|Program:||Conference on Racism: Yours, Mine, and Ours, Pennsauken, NJ|
|Contact(s):||Keara R. Giannotti, Human Services Planner: (609) 663-3998|
|Purpose:||To educate participants about different cultures, begin a dialogue on racism, and develop the "12 Steps Toward Undoing Racism"|
Begun in October 1996, the Conference on Racism: Yours, Mine, and Ours (Conference on Racism) is a project of the Community Planning and Advocacy Council (CPAC), a human services planning agency in Camden County, New Jersey. CPAC is a nonprofit organization that plans, advocates, and coordinates human service programs. Its mission is to serve as a catalyst for community efforts to strengthen and enhance the dignity and well-being of community members. CPAC has long recognized the importance of issues of race to its community, and Conference on Racism is the first step in its effort to launch a campaign to end discrimination.

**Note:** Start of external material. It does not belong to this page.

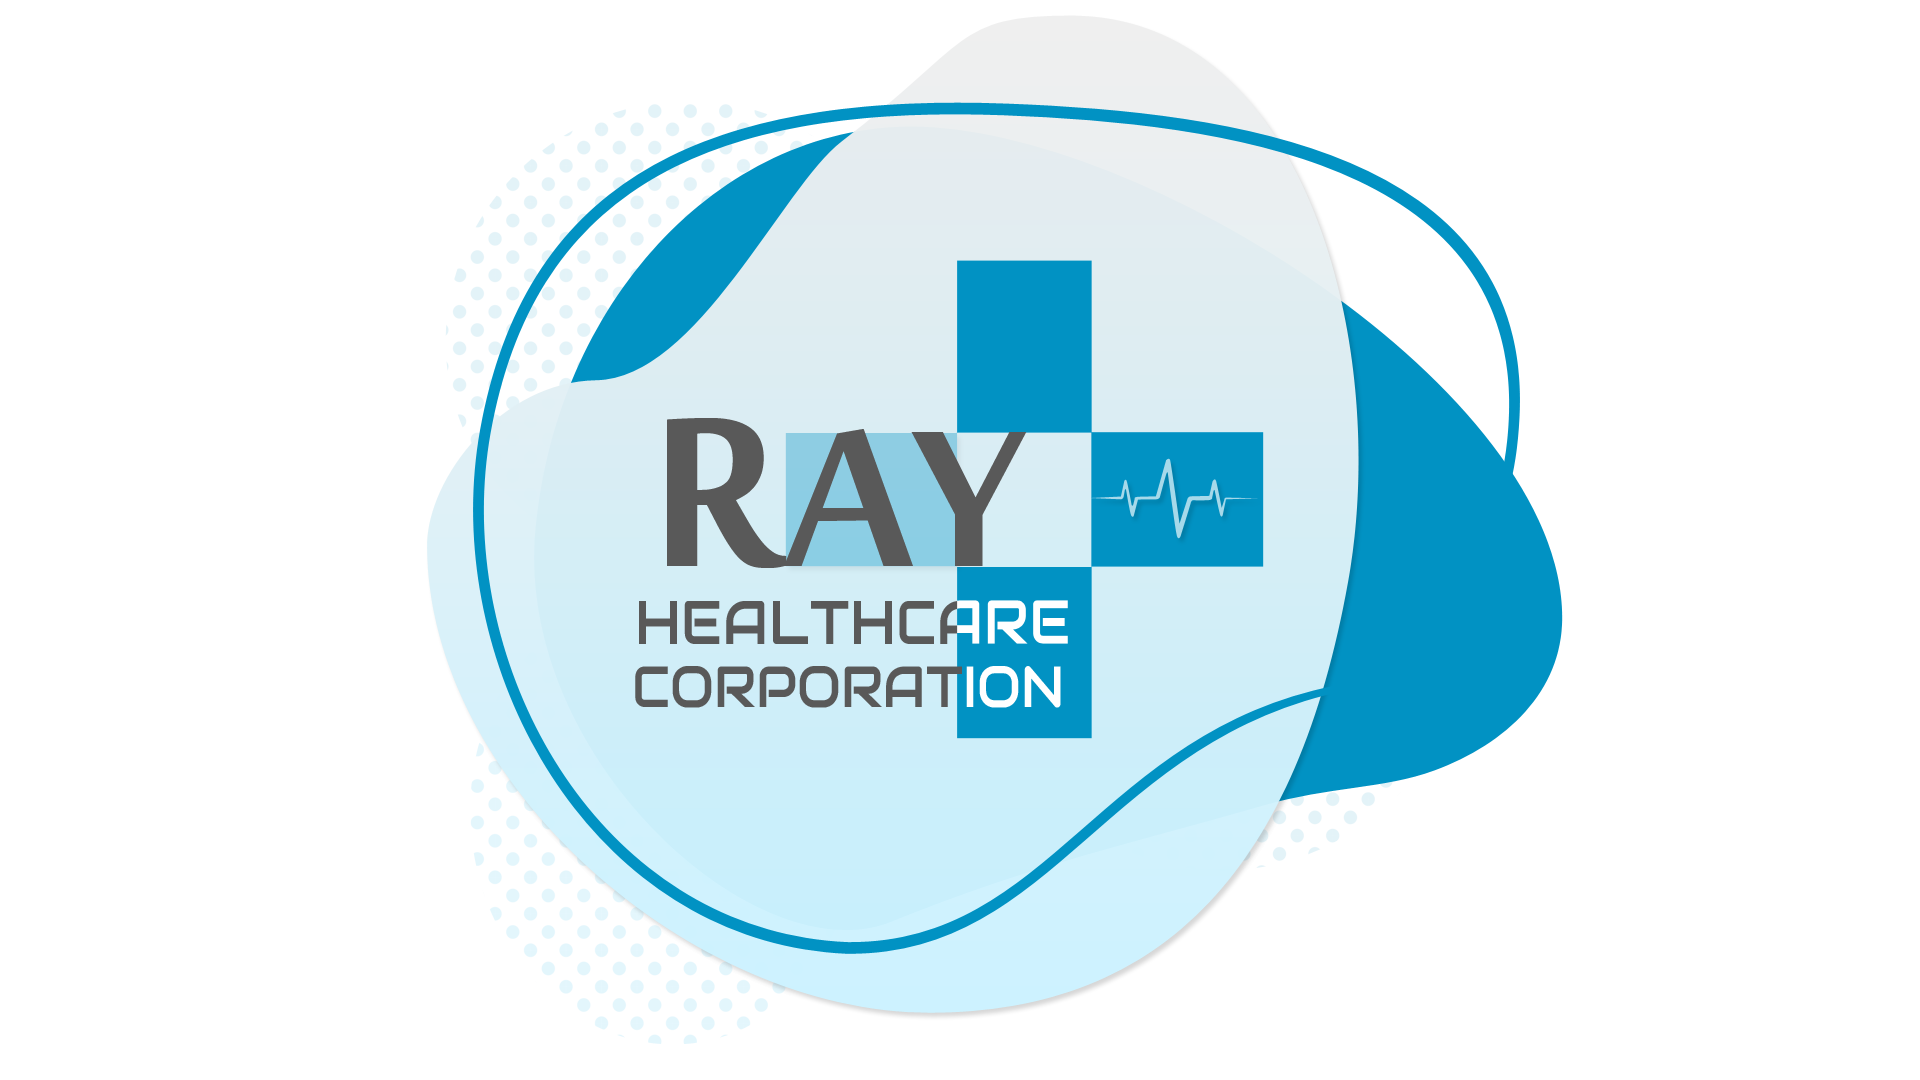 Ray Healthcare Corporation

The Conference on Racism is fosters dialogue on racism. Its "12 Steps Toward Undoing Racism" is used by individual participants in their daily lives and as a tool for future subcommittees to further CPAC's work towards undoing racism. The core trainer for the conference was Ronald Chisolm, co-founder and executive director of The People's Institute for Survival and Beyond. During the course of the Conference on Racism, participants attended workshops regarding cultural sensitivity, diversity, racism and other prejudice, action planning, community building, and policy development. The workshops facilitate the exchange of ideas and feelings about race and issues related to improving race relations among different groups. The formation of "12 Steps Toward Undoing Racism" was accomplished during the Conference on Racism by the various groups and individuals who were in attendance. The action steps include the following: 1) Analyzing what schools are doing to educate their staff regarding multiculturalism, racism and other prejudice; 2) Promoting better understanding through research and analysis of poverty, and its causes; 3) Building coalitions to influence policy makers at all levels of government; 4) Increasing political awareness and voter turnout through voter education; and 5) Confronting the written and electronic media regarding articles, opinions and statements which perpetuate stereotypes, divisions and prejudices. The Conference on Racism was attended by over 500 participants including school-aged youth, teachers, members of the general community, government employees, and community-based organization employees such as social workers, therapists, ministers, and administrators. The William Penn Foundation and the Dr. Martin Luther King Jr. Commission-funded scholarships so that local students could attend the event.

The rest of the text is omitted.